[[ The records open ]]
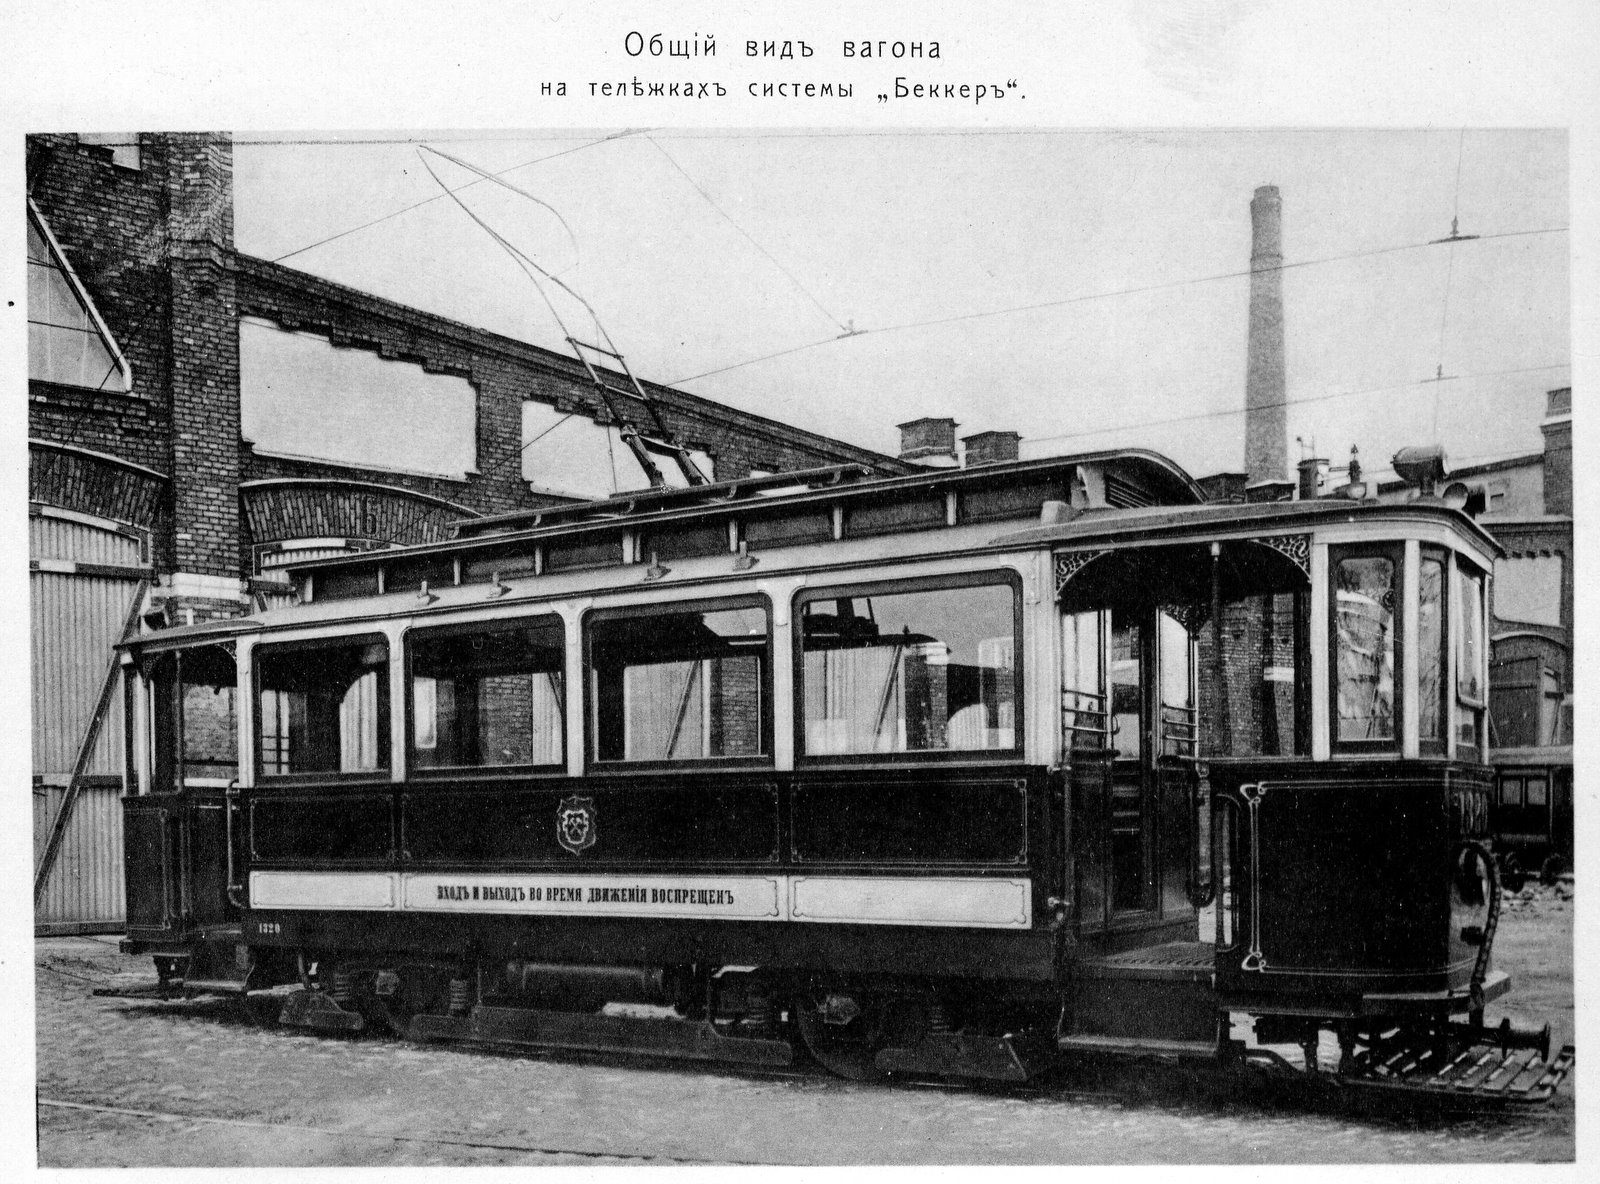 Трамвайный вагон МП-8 на тележках Беккера. Выпускался Мытыщинским и Коломенским заводами в 1908 году
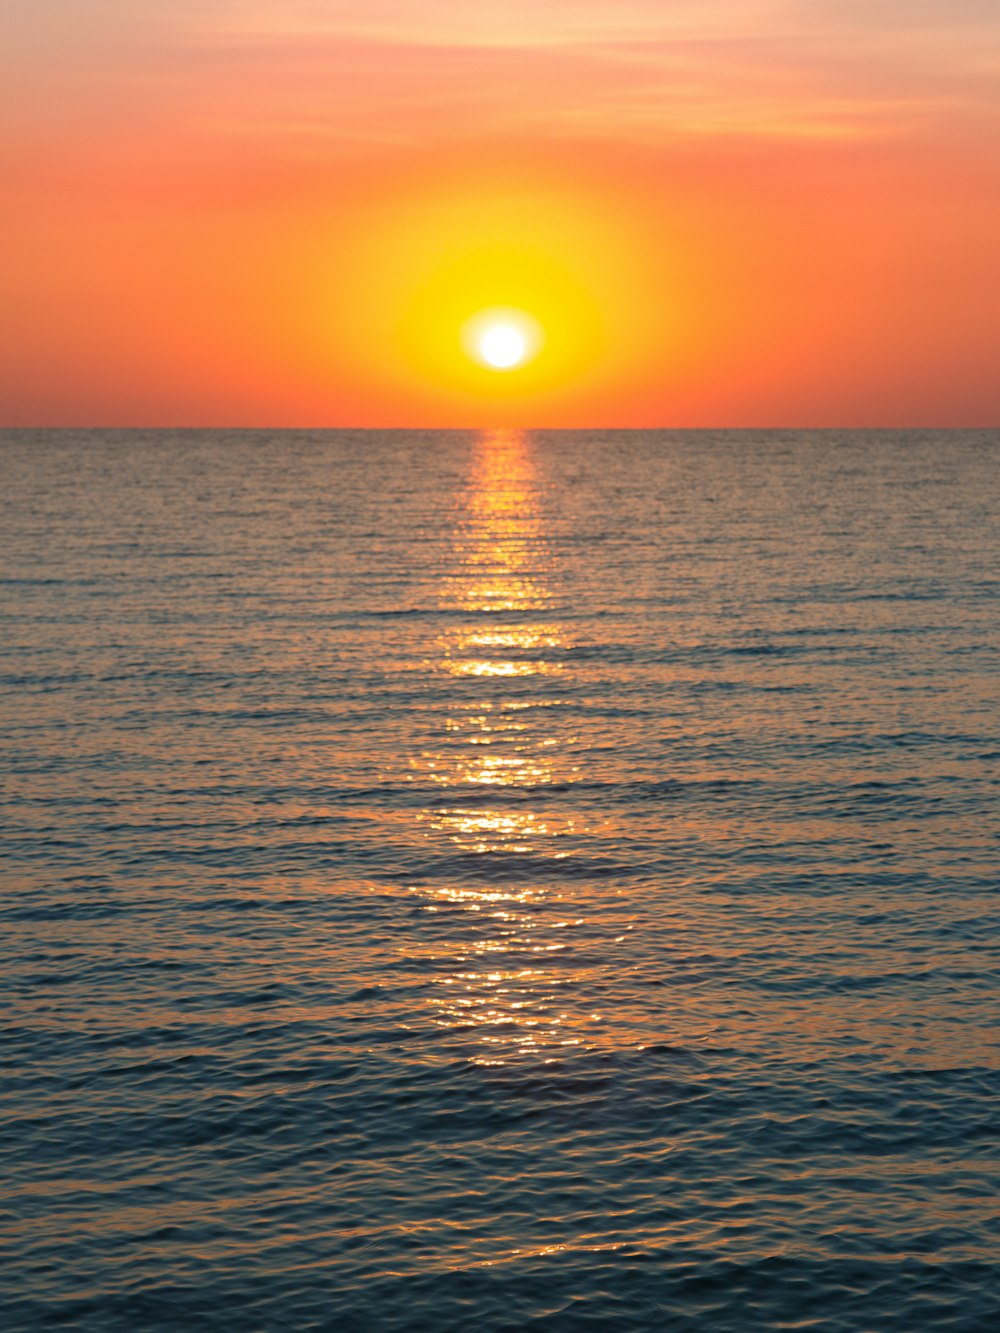 Il sole sta tramontando sull'oceano con una barca in acqua
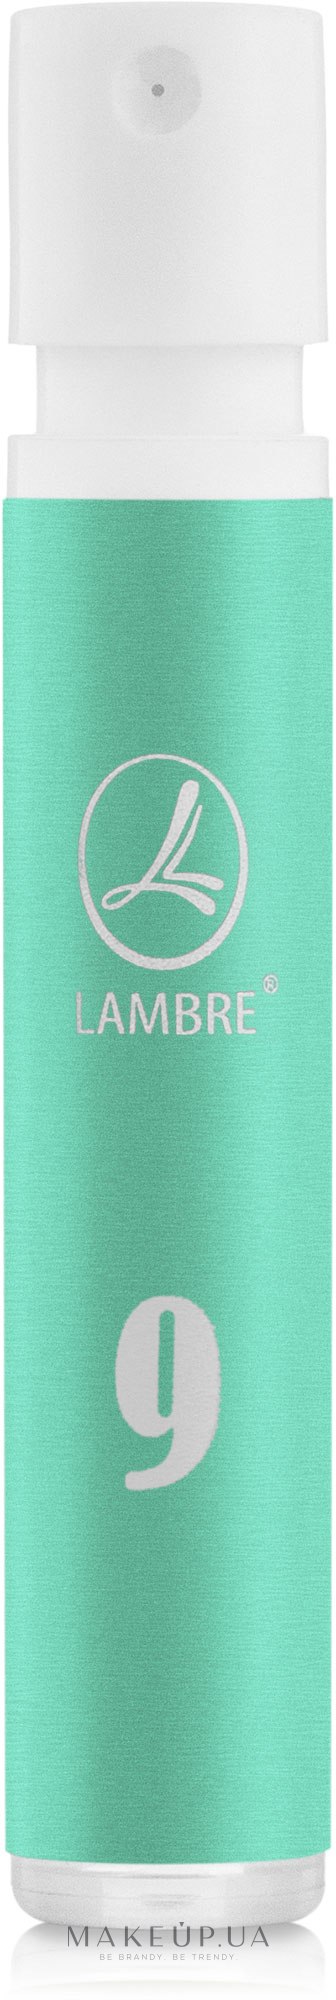 Lambre № 9 - Парфуми (пробник) — фото 1.2ml
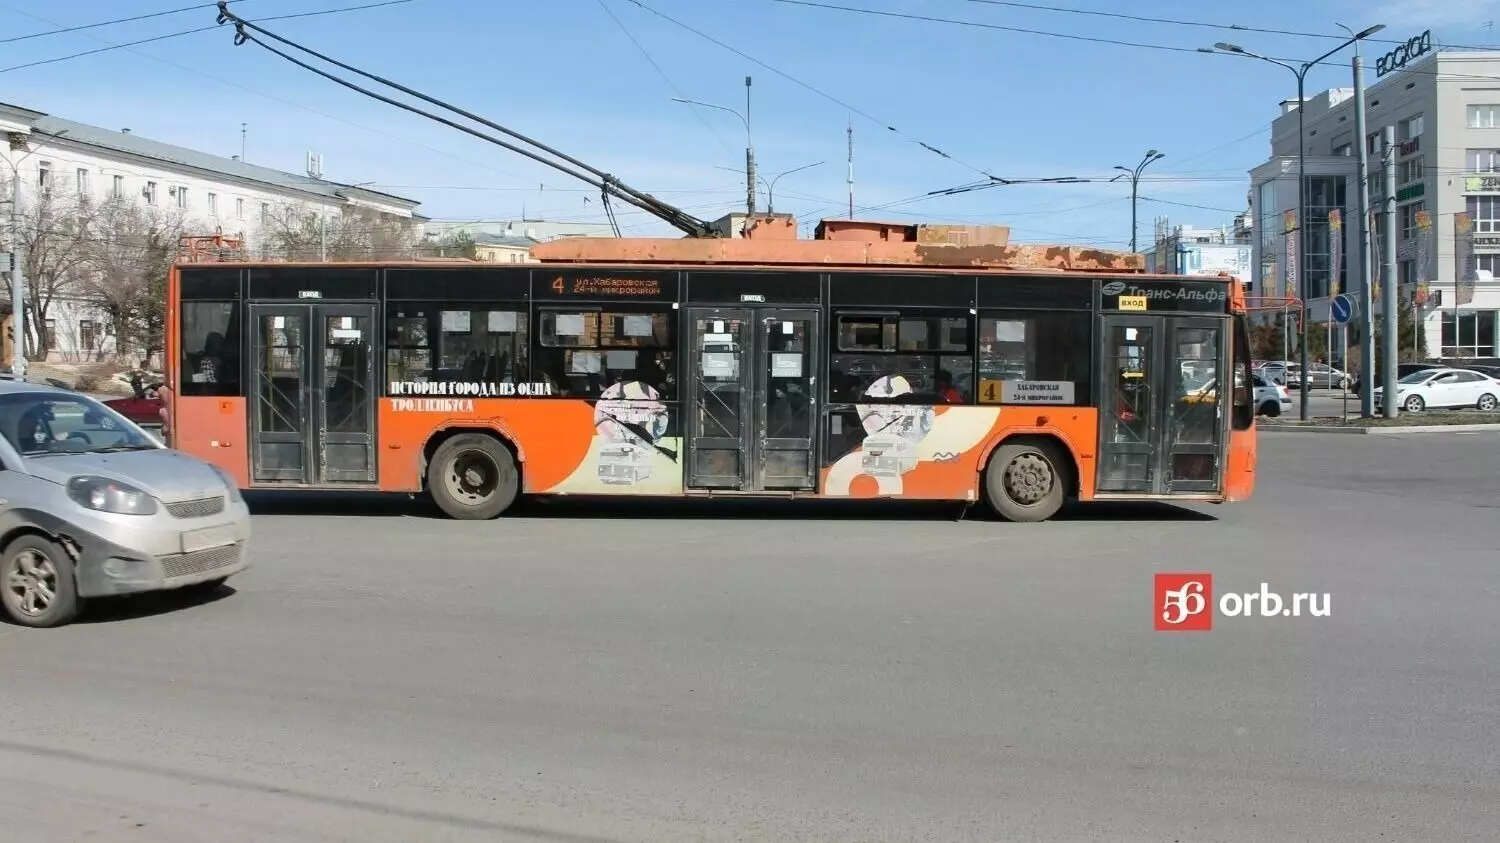 Коротким маршрутом троллейбусы будут ездить временно
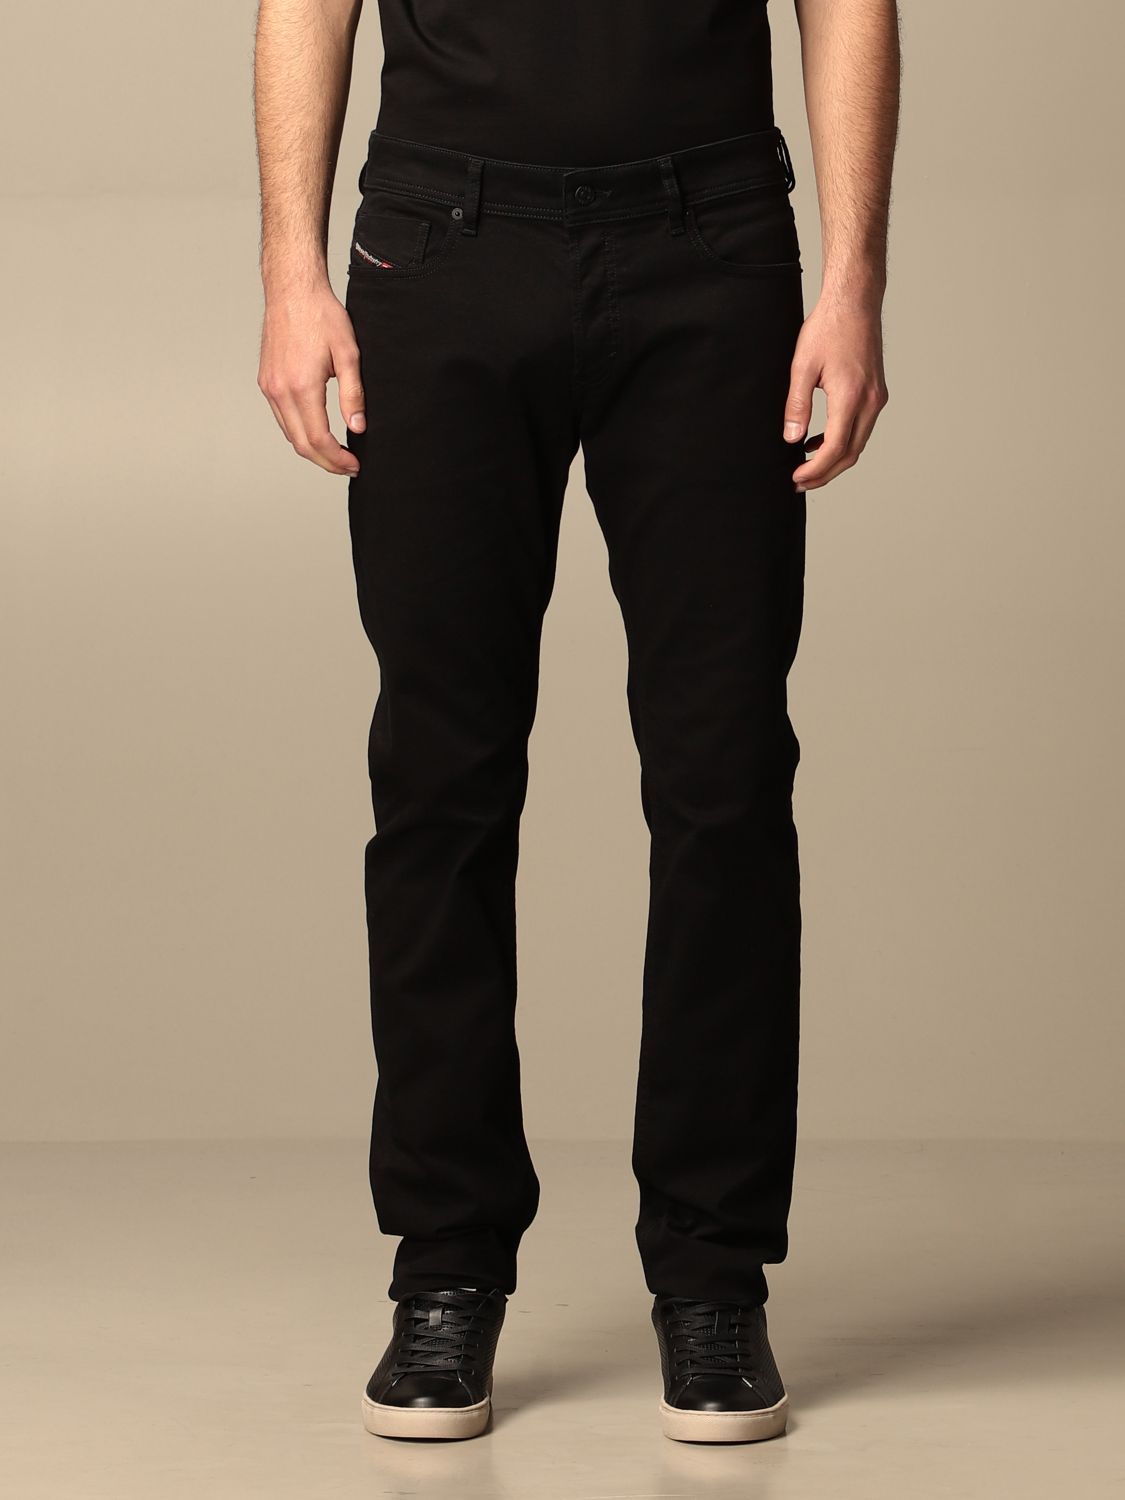 DIESEL: 5-pocket jeans - Black | DIESEL jeans 00SWJF 069EI online at ...
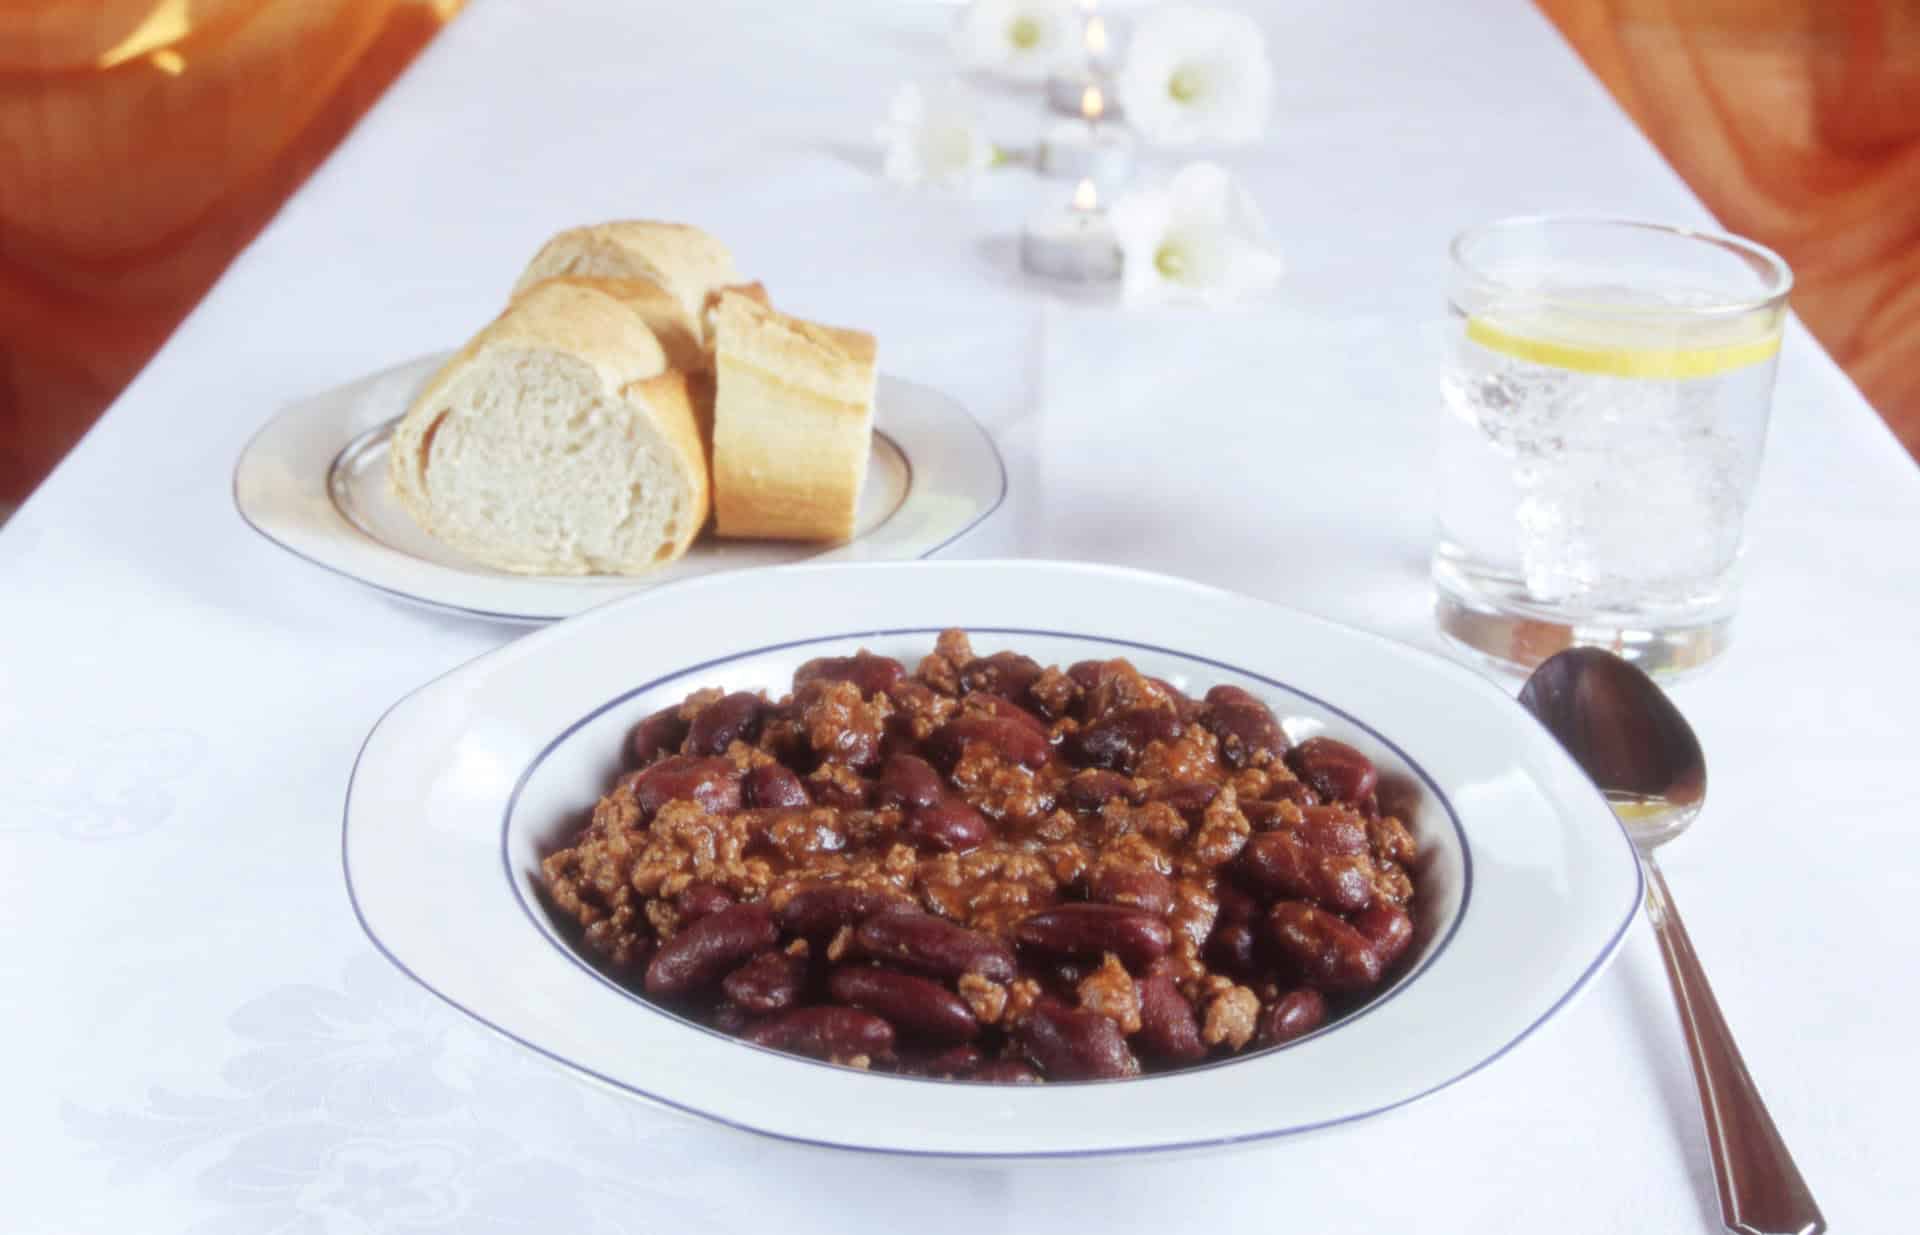 chili con carne på bordet med glas och bröd
[[ The records closed ]]
● **Assignment**: The entries above are to be copied exactly, with every picture left out.

● **Exercise solution**:
 Трамвайный вагон МП-8 на тележках Беккера. Выпускался Мытыщинским и Коломенским заводами в 1908 году
 Il sole sta tramontando sull'oceano con una barca in acqua
 Lambre № 9 - Парфуми (пробник) — фото 1.2ml
 Коротким маршрутом троллейбусы будут ездить временно
 DIESEL: 5-pocket jeans - Black | DIESEL jeans 00SWJF 069EI online at ...
 chili con carne på bordet med glas och bröd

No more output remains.